24 Stunden nach Abflug erreichten wir Asuncion, die Hauptstadt Paraguays und Austragungsort der WM. Die erste Trainingseinheit bei 33 Grad und einer Luftfeuchtigkeit, die man aus Deutschland nicht gewohnt ist, verlief gut.

Am zweiten Tag sollte das Elend dann jedoch seinen Lauf nehmen. Das morgendliche Training war zunächst unauffällig, allerdings fühlte ich mich gegen Ende bereits immer schlapper. Ich hatte zunächst einen Sonnenstich im Verdacht. Auf dem Weg zur Nachmittagseinheit wurde mir jedoch so schlecht, dass unser Fahrer auf dem linken Streifen einer Autobahn halten und ich mich auf dem Grünstreifen in der Mitte übergeben musste. Verkehrstechnisch war das kein Problem, zumal auf dem ein Meter breiten Mittelstreifen der jeweils dreispurigen Straße auch Obst und Gemüse verkauft wurde.
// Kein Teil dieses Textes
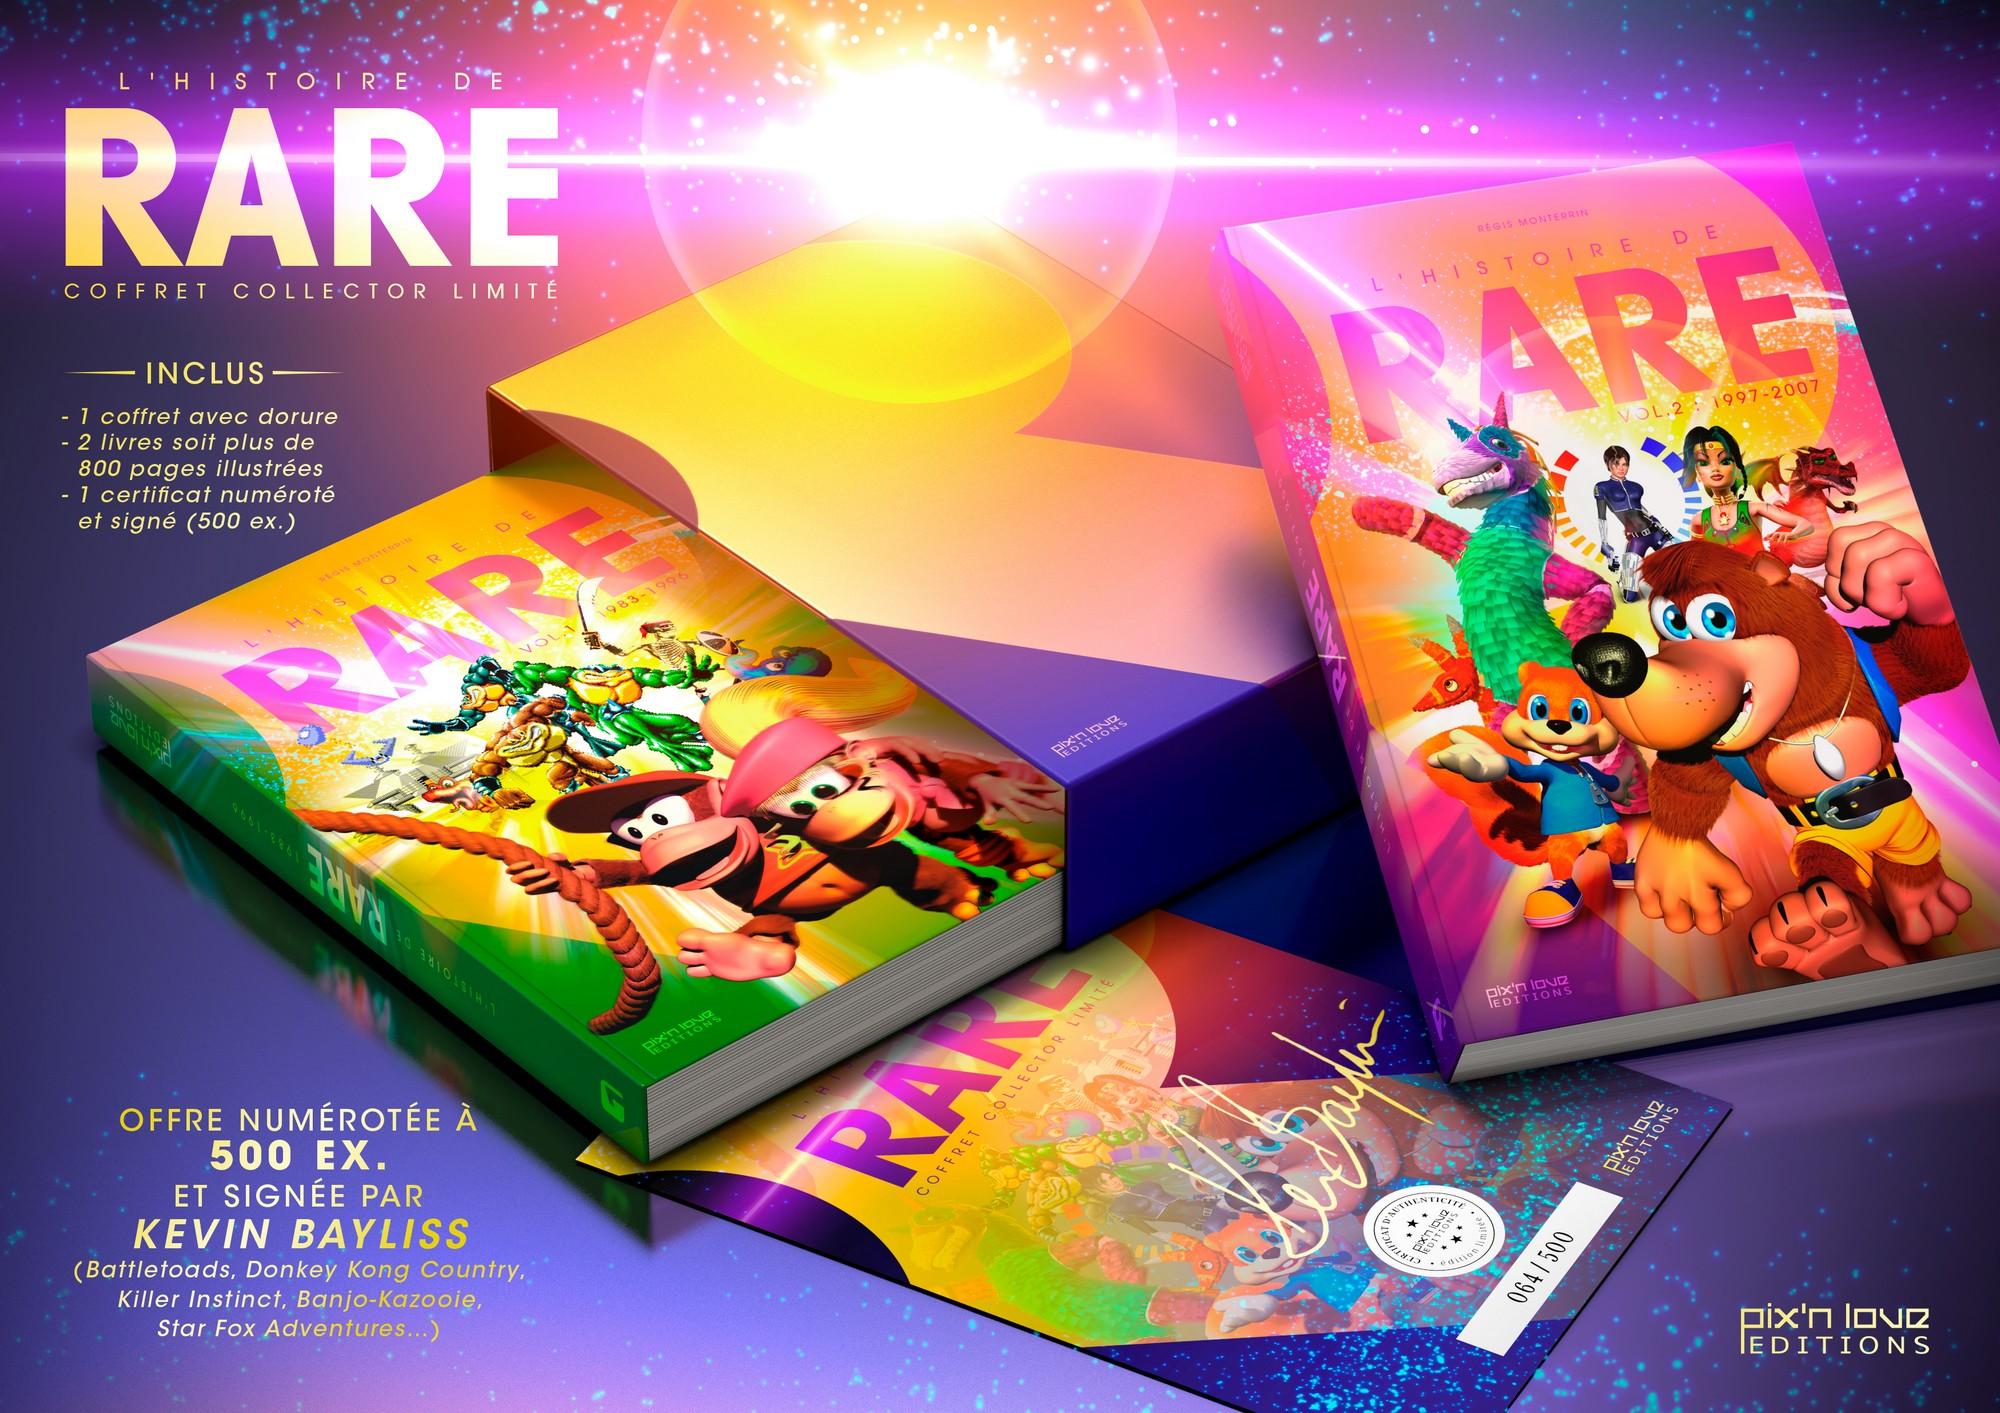 [INFOS] Livres et webzines - Page 15 1568110570-70819561-10162428997835464-3945355046845153280-o
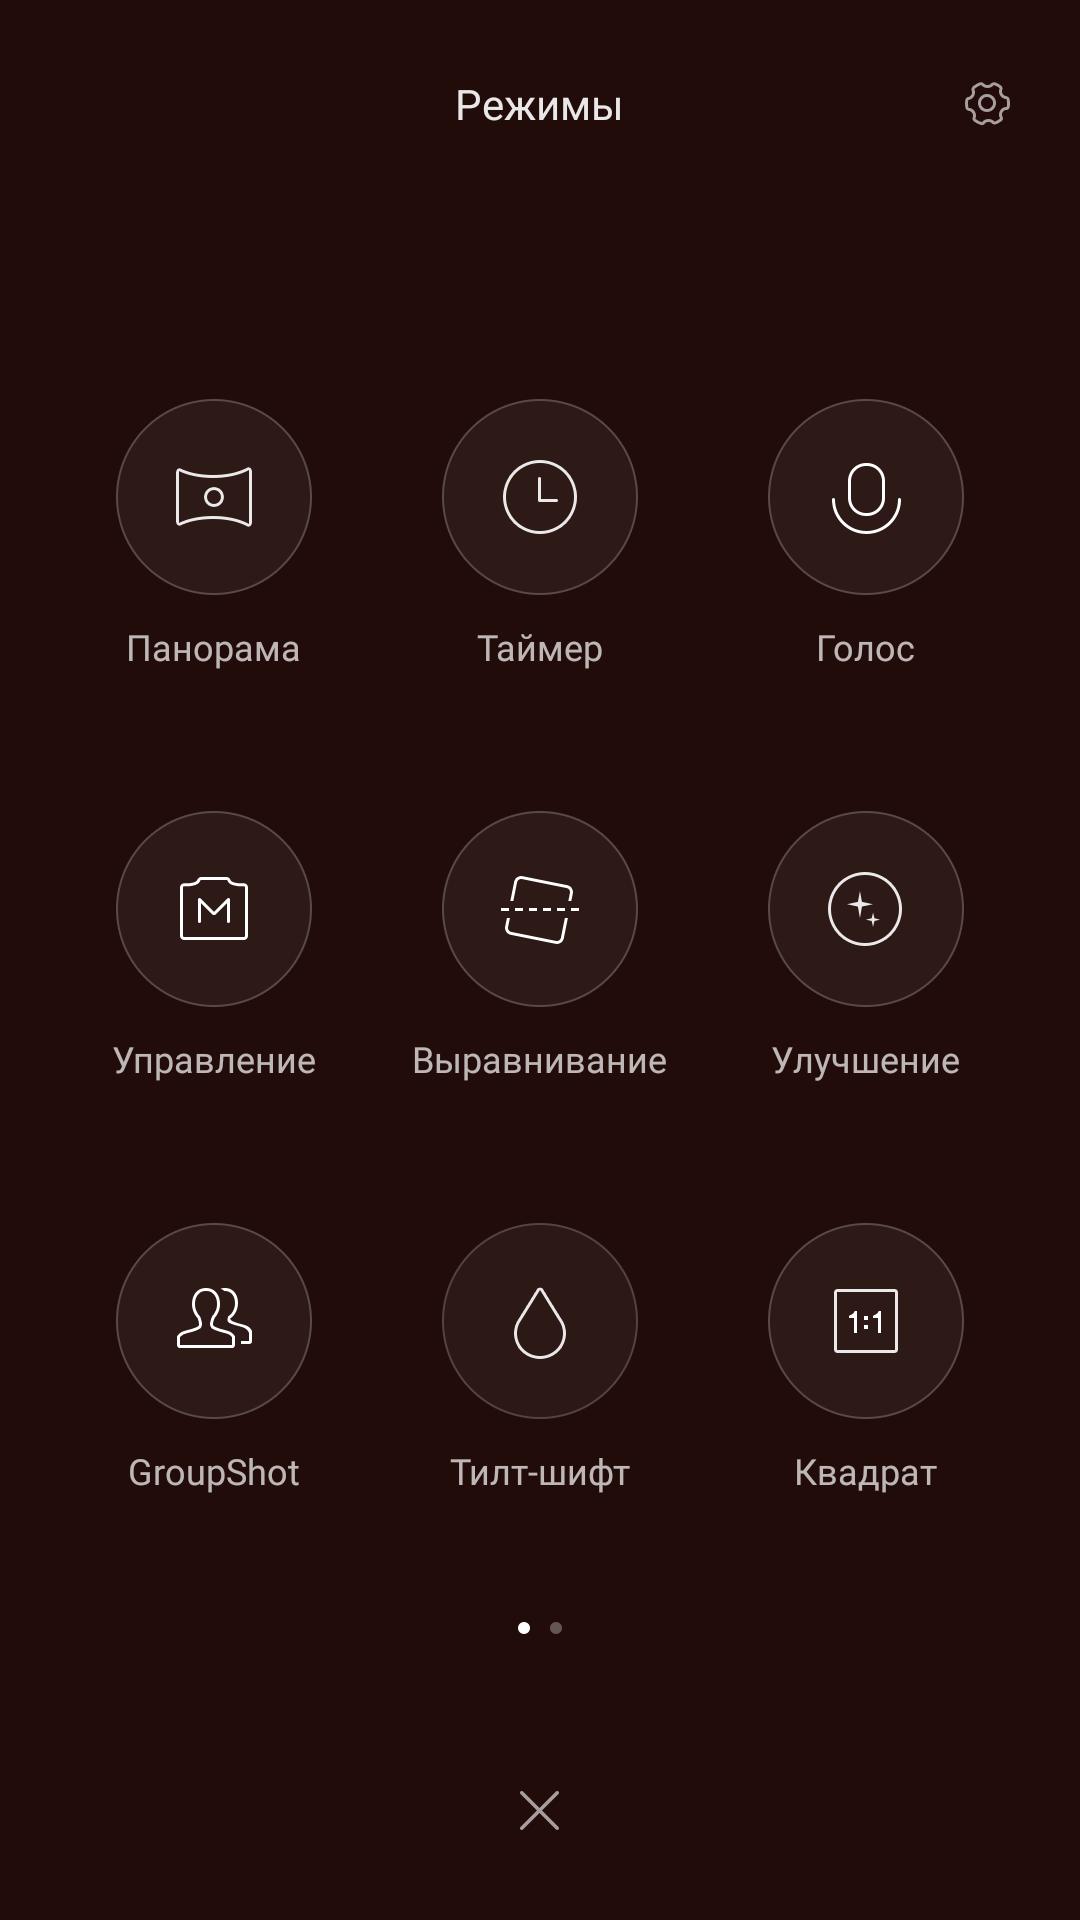 Обзор смартфонов Xiaomi Mi5s и Mi5s Plus

Nach drei Minuten dort auf dem Boden fühlte ich mich zunächst besser. Ich hatte die Hoffnung, dass sich mein Magen an das Essen vor Ort einfach noch nicht gewöhnt hatte. Doch diese Hoffnung war vergeblich. Mein Magen rebellierte auch weiterhin.

Am Trainingsgelände angekommen war meine letzte Amtshandlung für die nächsten vier Tage das Mannschaftsfoto. Was danach folgte, ist nicht sonderlich appetitlich und gehört deshalb wohl nicht in diesen Text.

Nachdem ich in der Nacht keine zehn Minuten am Stück schlafen konnte und immer zwischen Bad und Bett unterwegs war, waren zudem Schüsse vor dem Hotel zu hören. In dem Moment hätte ich mich vermutlich überall anders auf der Welt wohler gefühlt.

Am nächsten Morgen haben wir unsere Zimmeraufteilung geändert, da inzwischen die halbe Mannschaft ähnliche Symptome hatte. So wurde unterteilt in normale Zimmer und Quarantäne-Zimmer. Meinen neuen Zimmernachbarn und mich hatte es so erwischt, dass uns zwei Offizielle von der Turnierorganisation in eine Klinik gefahren haben, um unsere Körper- und Blutwerte zu checken. Zum Glück hatten die beiden deutsche Vorfahren, sodass wir uns auf Deutsch mit Ihnen unterhalten konnten und sie für uns die Kommunikation in der Klinik übernehmen konnten. Am Ende sind wir mit zwei Tüten Medikamenten zurück ins Hotel gefahren.

Von Tag zu Tag wurde es dann immer besser, jedoch war es für mich aussichtslos, an den Gruppenspielen gegen Chile und Brasilien teilzunehmen. Zum letzten Gruppenspiel gegen die Niederlande ging es allmählich wieder, sodass ich dort mit meinem Partner das entscheidende Match zum 2:1-Sieg gewinnen konnte. Das war allerdings immerhin vier Tage nach dem Ausflug auf den Grünstreifen.

Danach normalisierte sich alles mehr oder weniger wieder, jedoch haben wir einen großen Bogen um das paraguayanische Essen gemacht, das wir als Auslöser für unsere körperlichen Probleme ausgemacht hatten. Sportlich folgte noch ein Sieg gegen Australien und zwei knappe Niederlagen gegen Mexiko und Großbritannien, wobei das schon etwas in den Hintergrund geriet. 

Am Ende waren alle nur noch froh, als wir wieder deutschen Boden unter den Füßen hatten. Natürlich ist man sich darüber bewusst, dass das Leben in Südamerika etwas anders ist als in Europa oder Deutschland, aber dieses Gefühl von Sicherheit verliert man irgendwann, wenn jedes Cafe und jede Bar von einem Türsteher mit einer Shotgun bewacht wird. Insofern war es am Ende keine schöne, aber eine sehr prägende Erfahrung.

Christian Böhnke spielt seit 2014 Padel. Der mehrfache nationalspieler wurde zudem 2019 deutscher Meister.